Po podjechaniu do kierującego, wskazali mu miejsce do bezpiecznego zatrzymania pojazdu. Gdy policjanci podchodzili do kontrolowanego pojazdu, nagle kierujący gwałtownie ruszył i zaczął oddalać się z miejsca kontroli. Funkcjonariusze od razu rozpoczęli pościg i używając sygnałów uprzywilejowania jechali za niebezpiecznie pędzącym pojazdem, który ciągle przyspieszał i wykonywał niebezpieczne manewry między innymi pojazdami - informuje policja w komunikacie.
Na nagraniu widzimy, jak kierowca wielokrotnie przejeżdżał przez skrzyżowania na czerwonym świetle, spychając inne pojazdy. Warto podkreślić, że na liczniku miał ponad 100 km/h.
Dalsza część artykułu pod materiałem wideo
Kierujący Maserati cały czas nie dawał za wygraną, w pewnej chwili zjechał na pas ruchu, po którym poruszali się policjanci i doprowadził do zdarzenia drogowego z radiowozem, po czym uciekał dalej - czytamy dalej.
Z przekazanych informacji wynika, że w międzyczasie do pościgu dołączyły inne radiowozy, zarówno oznakowane, jak i nieoznakowane. Jechały za kierującym, który pędził z nadmierną prędkością, naruszając przepisy ruchu drogowego.
Koniec pościgu nastąpił na wysokości nr 158 przy ulicy Modlińskiej, gdzie kierujący Maserati rozbił swój samochód, uderzając w tył innego pojazdu, wcześniej jeszcze uszkadzając kilka innych. Następnie wysiadł z pojazdu i kontynuował ucieczkę pieszo. Policjanci byli cały czas blisko i po krótkim pościgu zatrzymali kierującego - przekazali mundurowi.

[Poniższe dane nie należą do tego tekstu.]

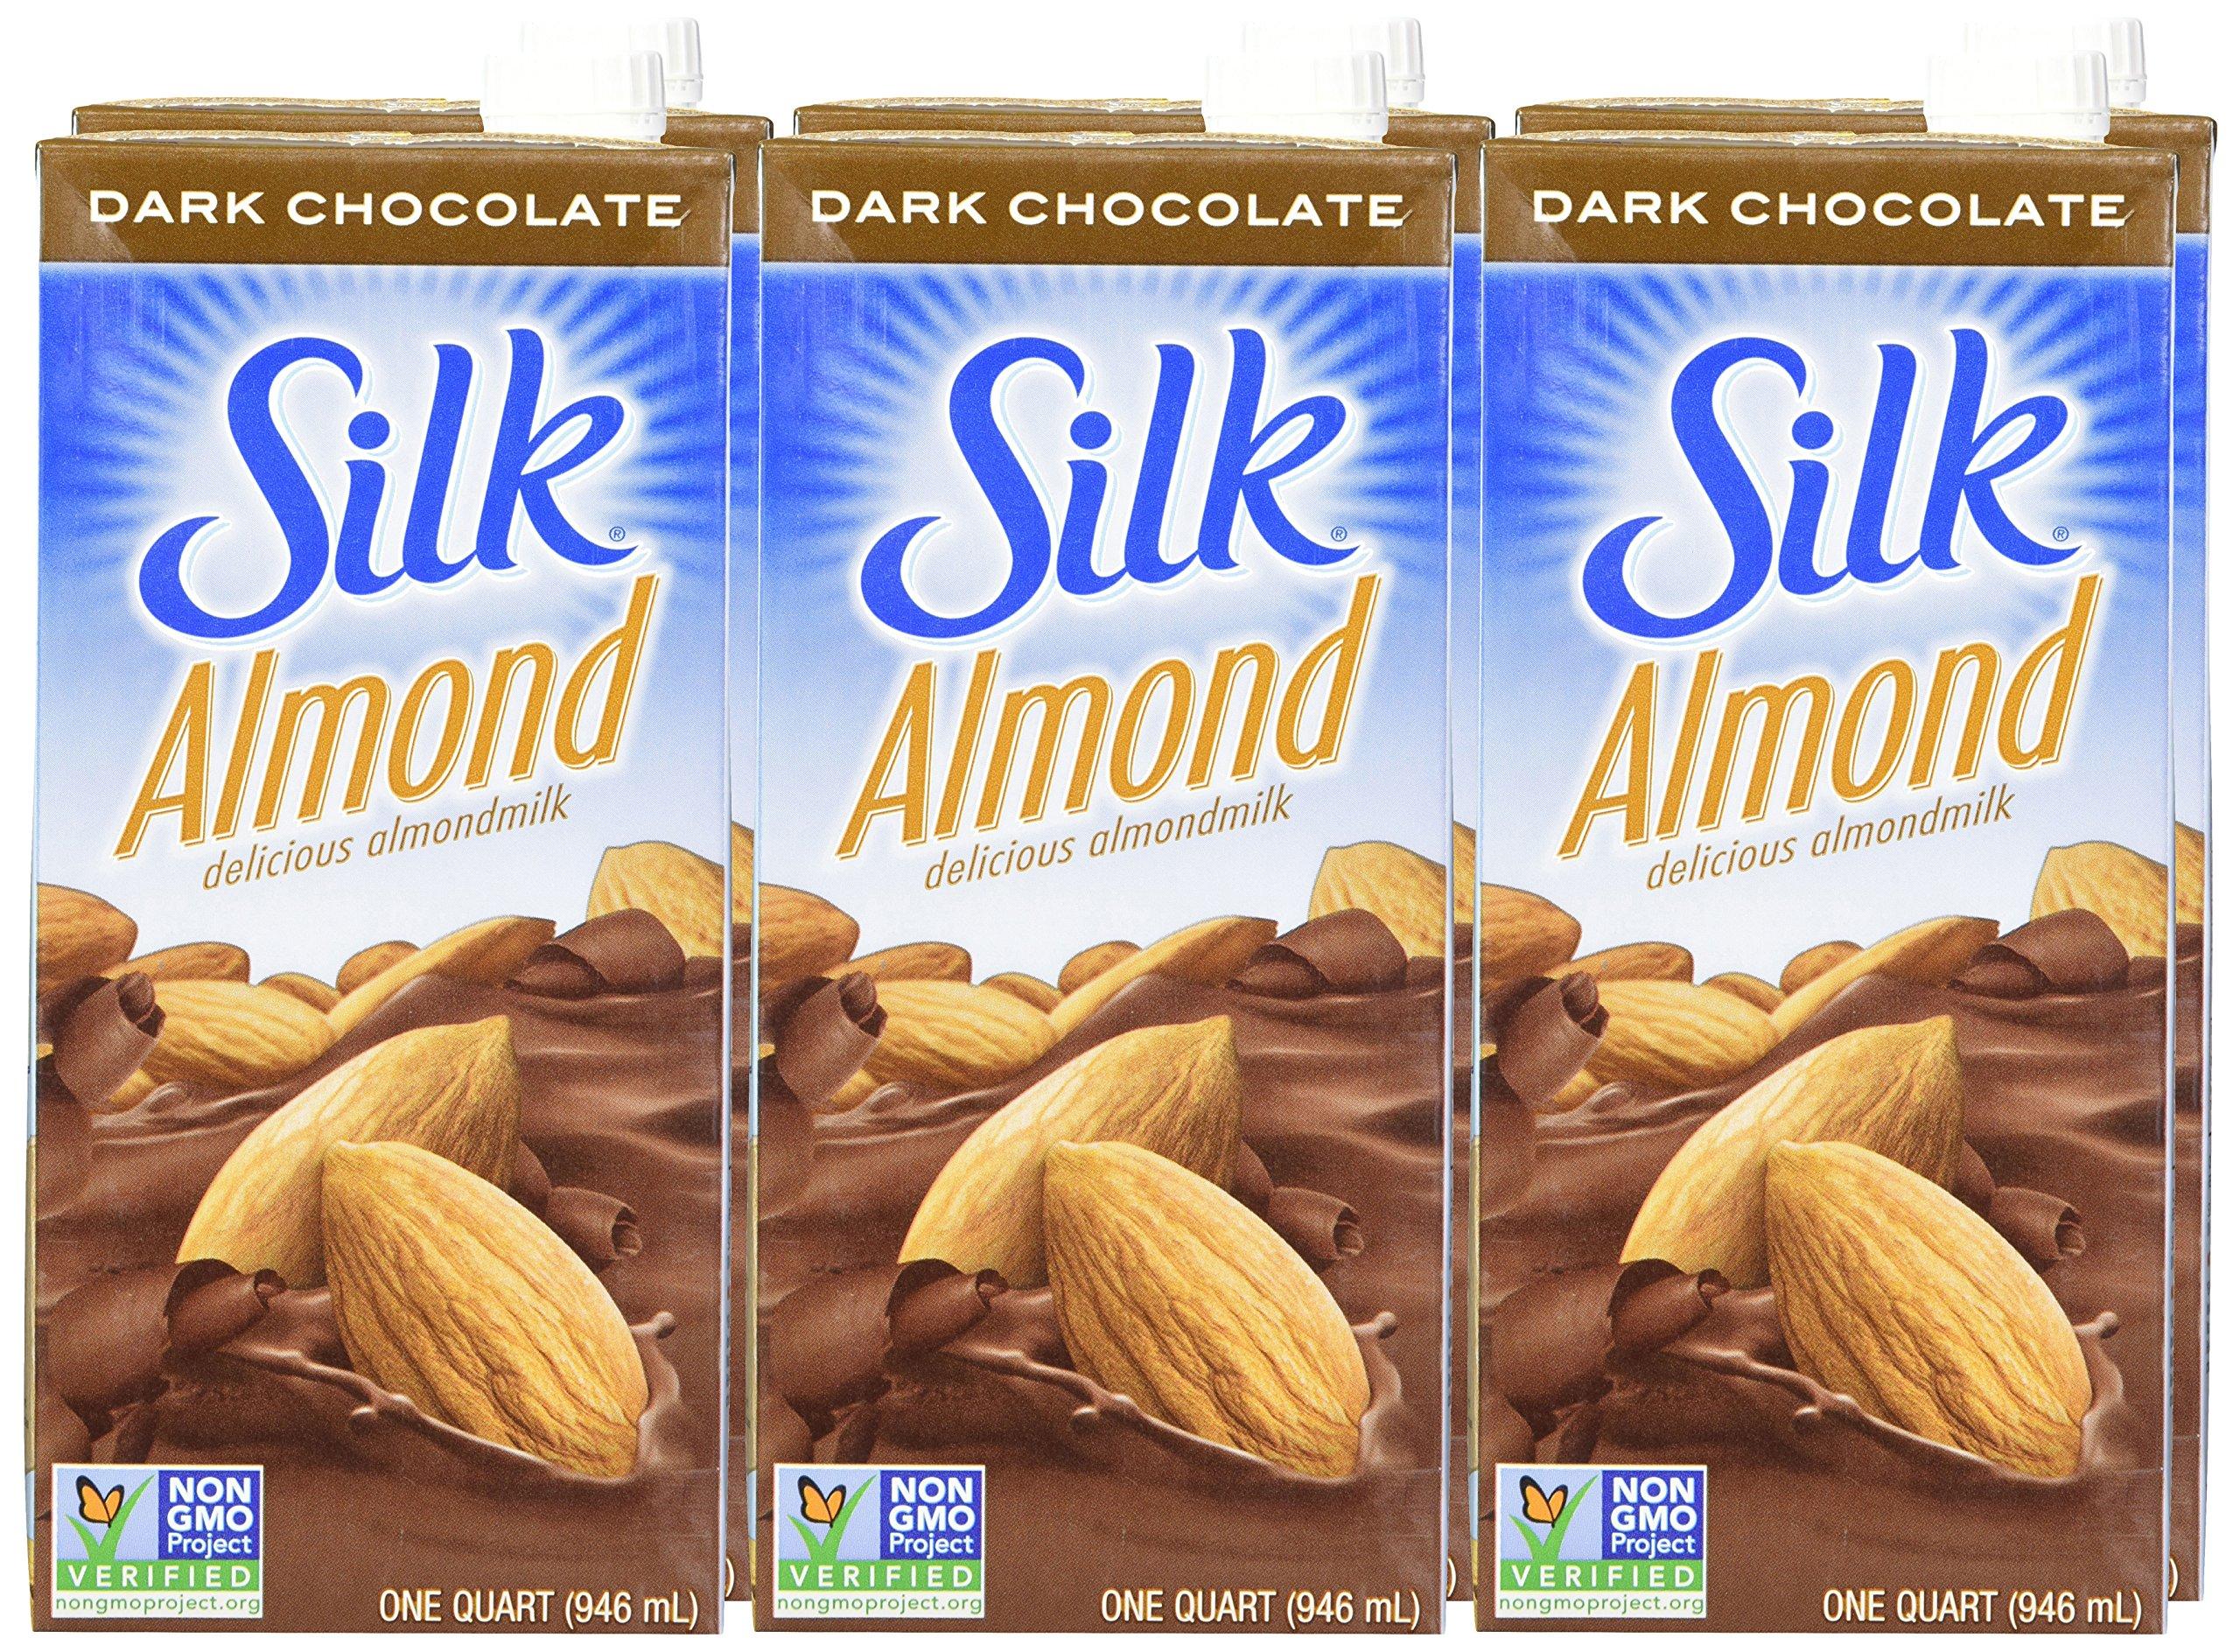 Silk Almond Milk Dark Chocolate 32 oz (Pack of 6) Shelf Stable, Dark Chocolate Flavored Non-Dairy Almond Milk, Individually Packaged by Silk (Image #2)

Był pod wpływem alkoholu i miał cofnięte uprawnienia
37-letni mężczyzna został poddany badaniom na zawartość alkoholu w organizmie. "Okazało się, że ma około 2,5 promila. W trakcie kontroli policjanci znaleźli również zabronione substancje, które zabezpieczyli do dalszych badań" - poinformowano.
Mało tego po sprawdzeniu w systemach policyjnych okazało się, że 37-latek ma cofnięte uprawnienia do kierowania pojazdami.
Samochód, którym się poruszał, nie posiadał aktualnego obowiązkowego ubezpieczenia OC oraz badań technicznych i został odholowany na parking policyjny. Natomiast tablice rejestracyjne zamontowane w aucie pochodziły z innego pojazdu - podali.
Zarzuty
Podkreślmy, że w wyniku pościgu dwóch policjantów zostało lekko rannych i uszkodzono łącznie 8 pojazdów.
Prokurator Prokuratury Rejonowej Warszawa Praga-Północ przedstawił kierującemu Maserati cztery zarzuty i wystąpił do sądu z wnioskiem o tymczasowy areszt dla zatrzymanego - przekazano w komunikacie.